As Elisha and I pulled out of the driveway, Randall stepped out of the house and strode across the lawn like a conquering king. He looked at me for a moment, his expression unreadable. Then he turned his face away and gathered his family into his arms.
I
WAS GLAD JOSH
was home, but still, sleep didn’t come easy Every time I closed my eyes, I saw Tara’s broken body behind my eyelids, the splashes of red on Katrina’s white lace.
I’d been away from the job for awhile, long enough for the protective veneer to crack. But I was a good homicide cop. I knew how to detach, and finally, fitfully, I slept.
On Monday morning, I settled in for another surveillance of Samuel Avery. When the black sedan pulled out of the driveway, I sighed and steeled myself for another exciting Piggly Wiggly run. This time, though, the sedan rolled onto I-40, edged into the downtown traffic, and made its way to West End, where a series of convoluted twists and turns led him to a dirty white clapboard building with a sign in the window that said, “Massage.”

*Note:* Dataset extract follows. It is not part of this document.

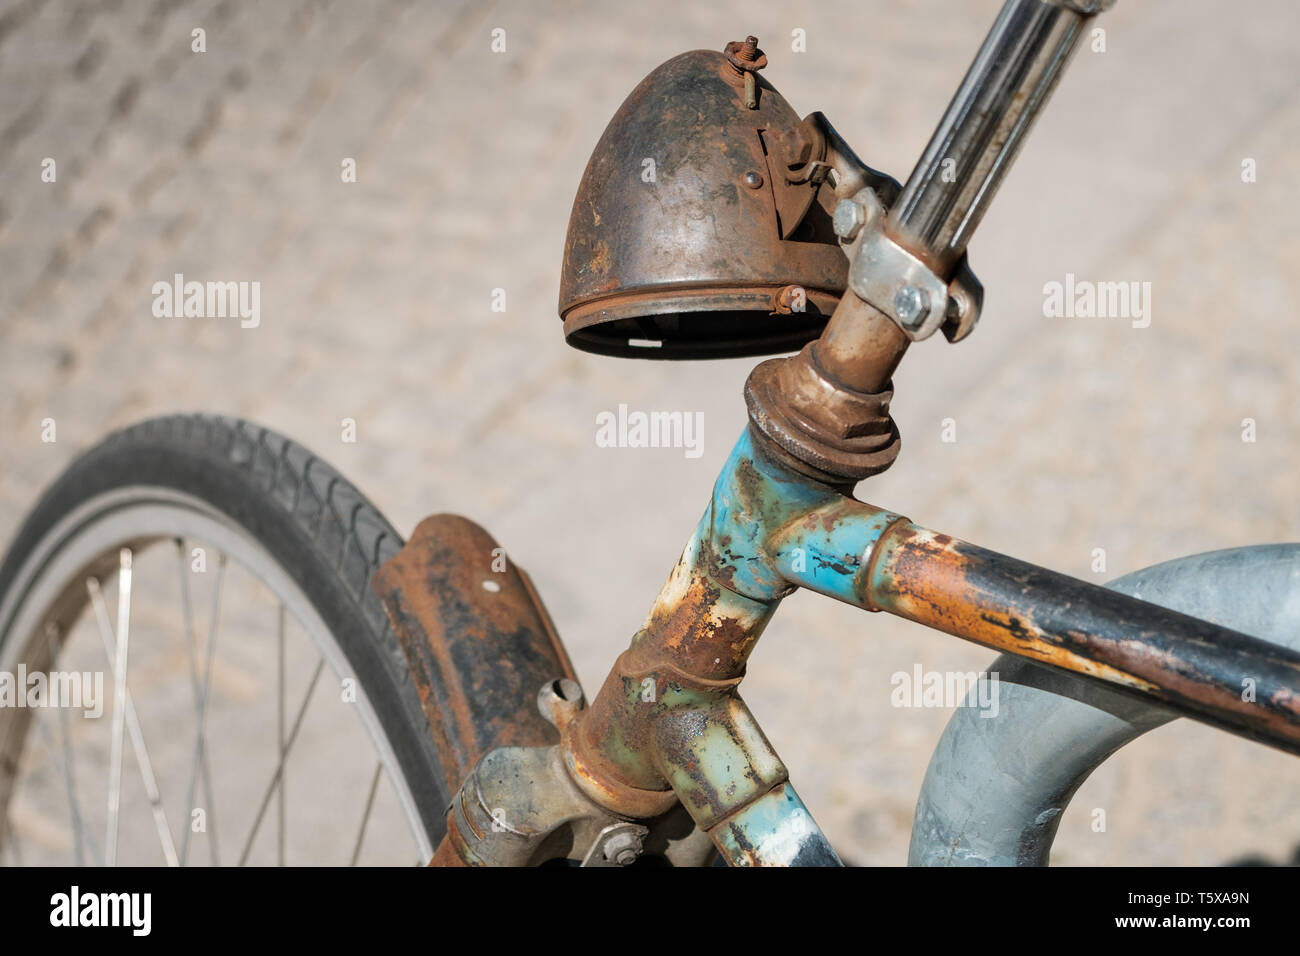 Verwittert, alten verrosteten Fahrrad Scheinwerfer - verrostete Fahrrad - Stockfoto

Ministering to the whores of Babylon?
I snapped a couple of photos as he went in and a few more when he came out an hour later, dabbing at his bald pate with a handkerchief. There was a spring in his step that hadn’t been there when he went in, and while a good massage could do that, I suspected he’d had something a bit more intimate.
I stuck with him until he pulled into the driveway of the parsonage. Then I drove on past, stopped at an ATM to make a withdrawal, and headed back to the massage parlor.

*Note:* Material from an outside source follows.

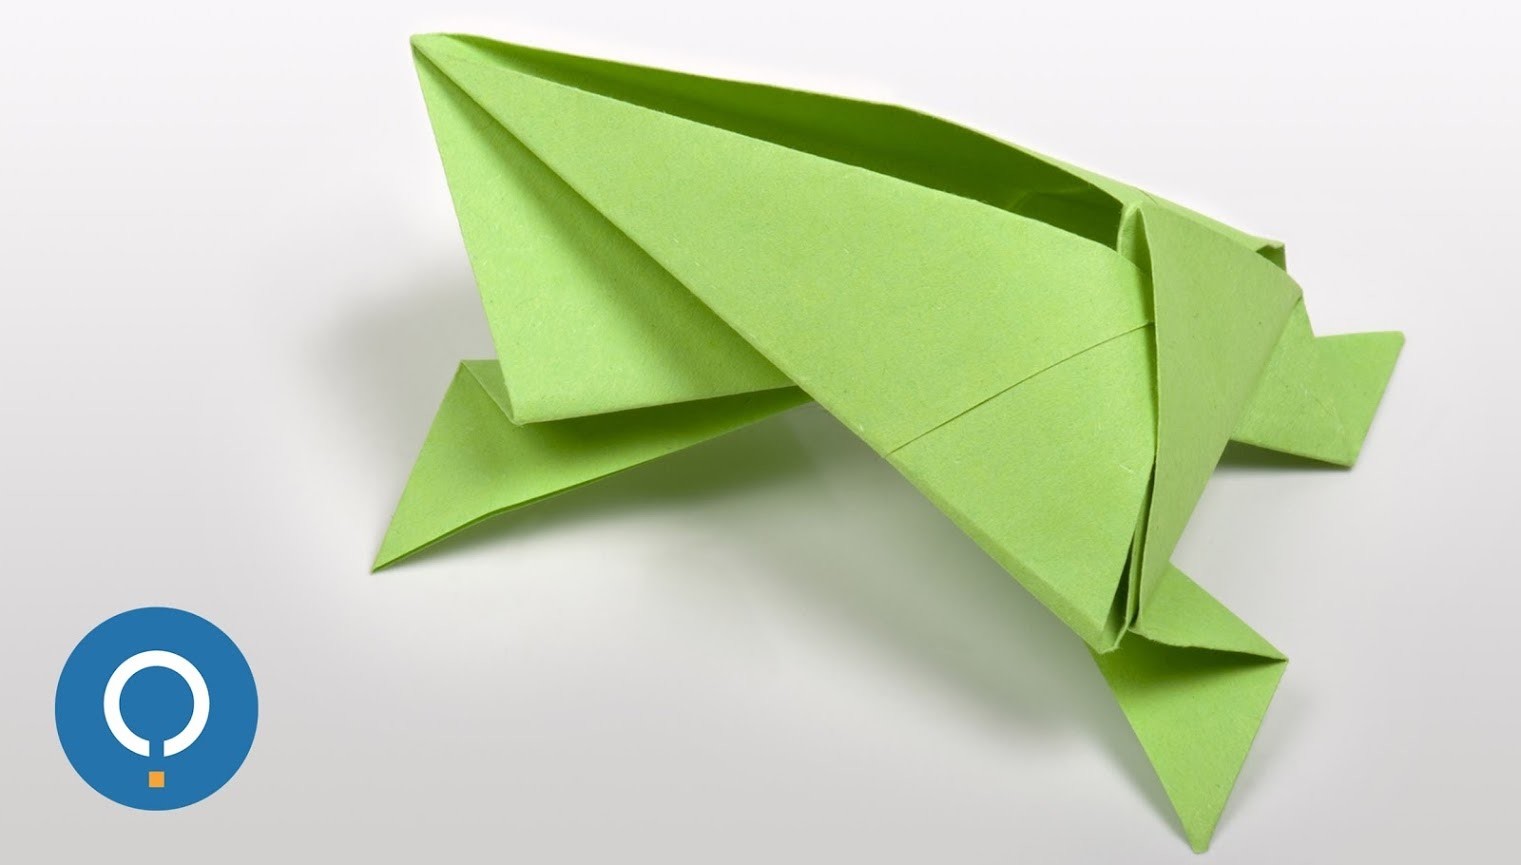 Полезные оригами: Схемы сборки оригами предметов | Оригами

A bell tinkled as I pushed the door open, and a pale woman with tortured white-blond hair looked up from the scarred desk where she was polishing her nails.
“Help you?” she asked.
“What are your prices?”
“Thirty dollars for an hour. Swedish or Oriental.”
I cocked my head and grinned. “What if I had something else in mind?”
She pursed her lips. They were fire-engine red. “We’re not that kind of business.”
“Friend of mine says you are.” I gave her a conspiratorial wink. “Heavyset guy. Mostly bald. Mid fifties, early sixties. He was in here just a little while ago.”
“You a cop?” she asked. The standard ritual.
“Nope.”
“‘Cause you look like a cop.”
I laughed. “What does a cop look like?”
She made a wry face and fanned her wet nails. “It’s the way you walk. You walk like Marshall Fucking Dillon.”
“I’ll give you fifty for a blow job,” I said, and she visibly relaxed. A police officer wouldn’t have made an offer. “Or whatever my friend had.”
Now she was all smiles. “Sammy? He likes Leona. Hundred-and-fifty for a full massage and a blow job or hand job. Fifty more if you want to get laid.”
I whistled. “I didn’t know Sam was such a big spender.”
“Yeah, well, you can never tell.” She held up her hands to admire her nails. “So, you want to book Leona or not?”
I pretended to think it over. “Why not? You only live once.”
The massage room was cramped and dingy, with the dank smell of sex and mildew.